Your instructions: With the pictures removed, please write out every line below exactly as given.

Information shown:
..............................

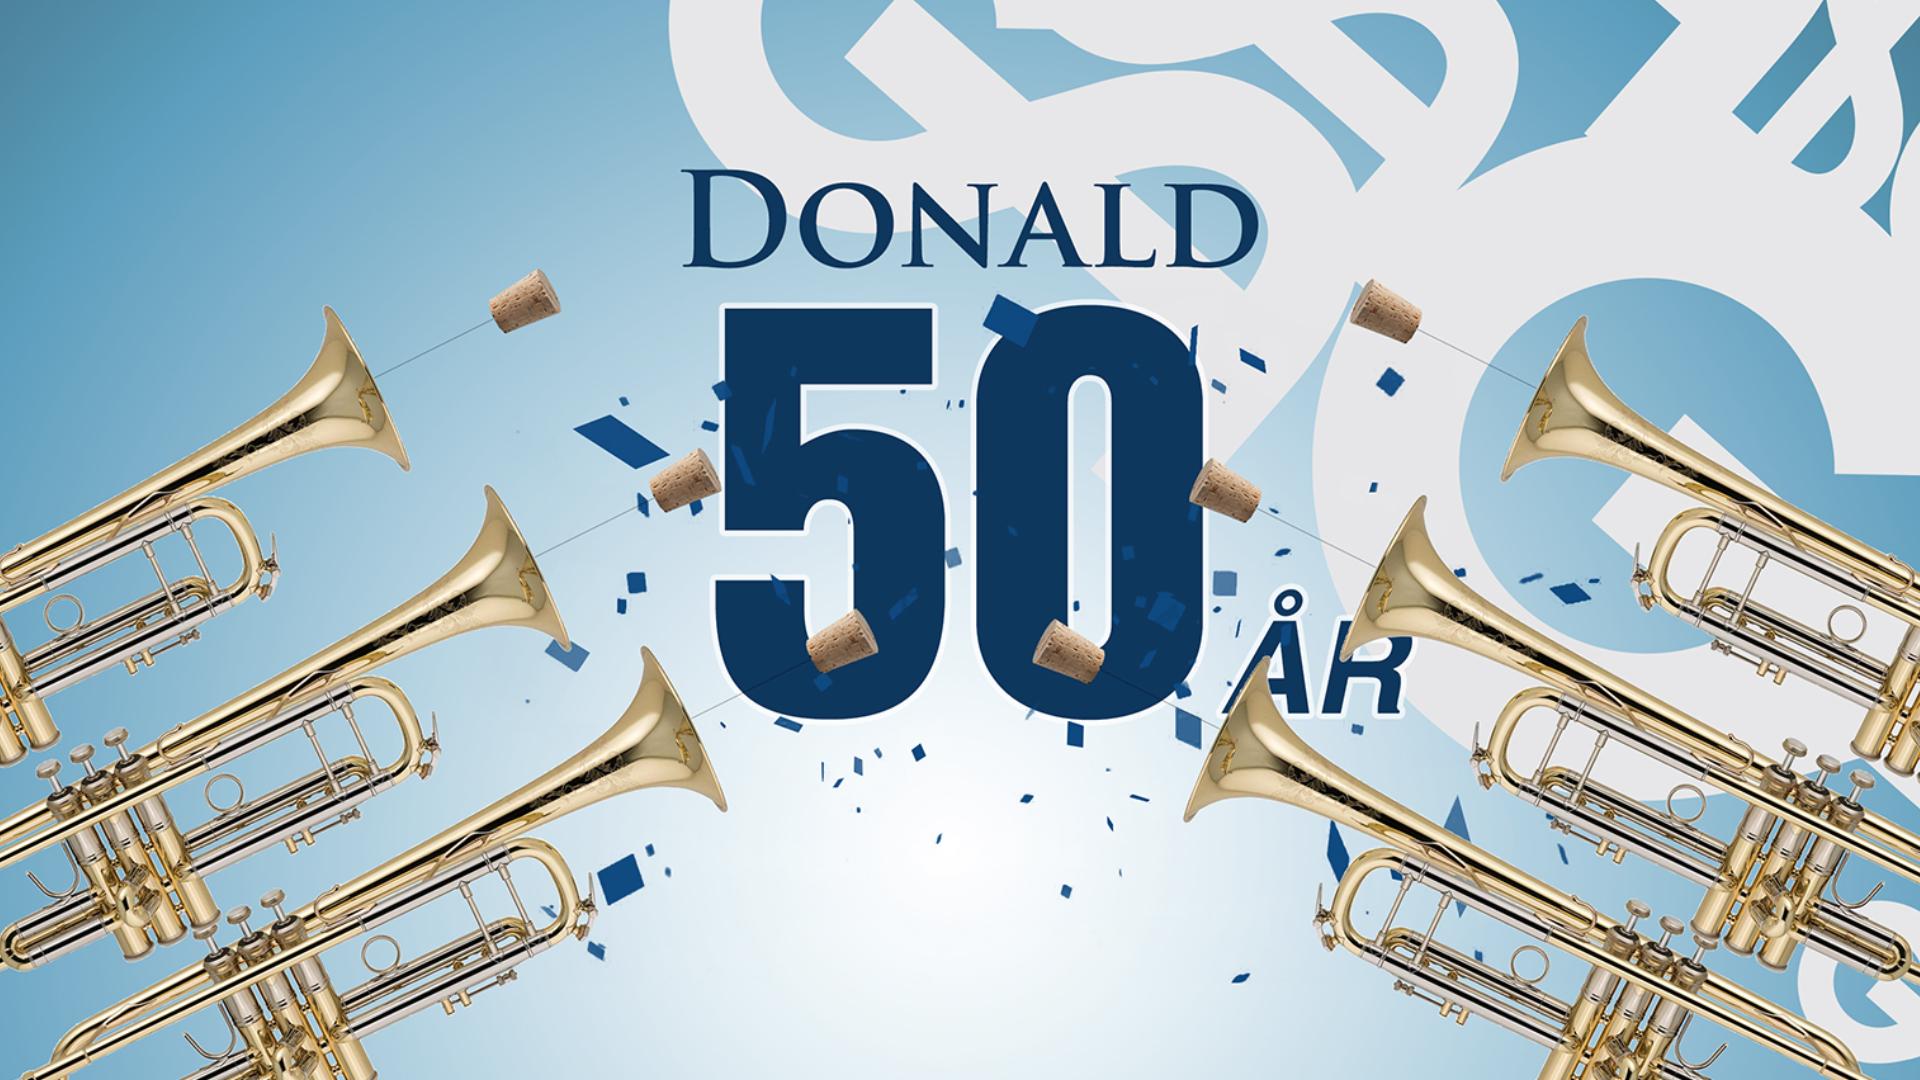 Donald 50 år
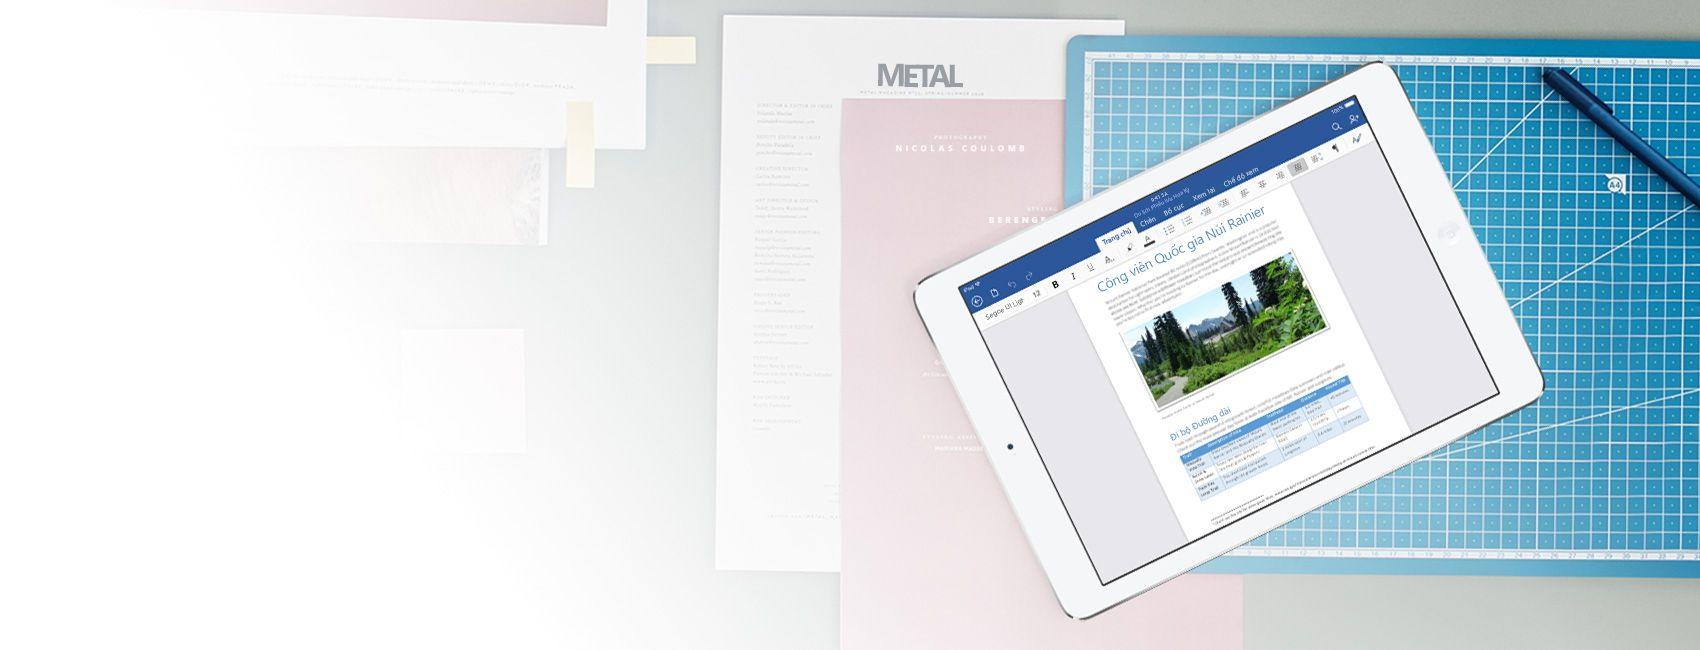 Một chiếc iPad hiển thị tài liệu Word về Công viên Quốc gia Núi Rainier trong ứng dụng Word dành cho iOS
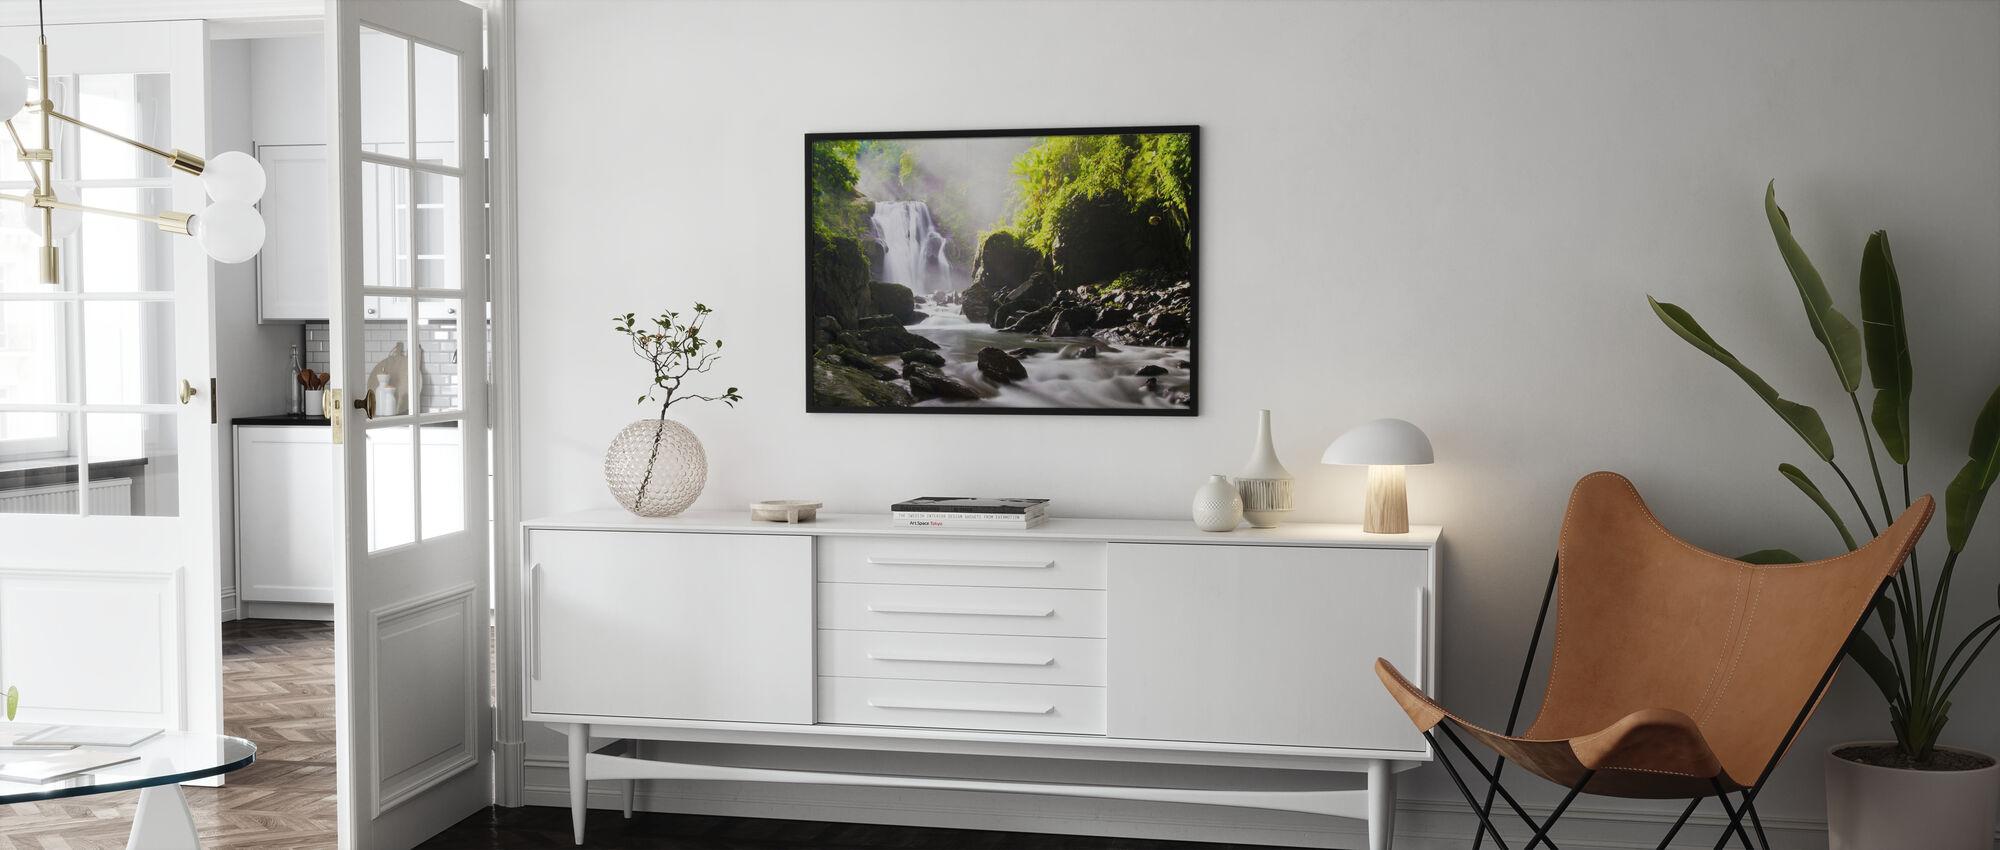 Sonnenstrahlen über Wasserfall - Poster - Wohnzimmer

..............................

Task response:
 Donald 50 år
 Một chiếc iPad hiển thị tài liệu Word về Công viên Quốc gia Núi Rainier trong ứng dụng Word dành cho iOS
 Sonnenstrahlen über Wasserfall - Poster - Wohnzimmer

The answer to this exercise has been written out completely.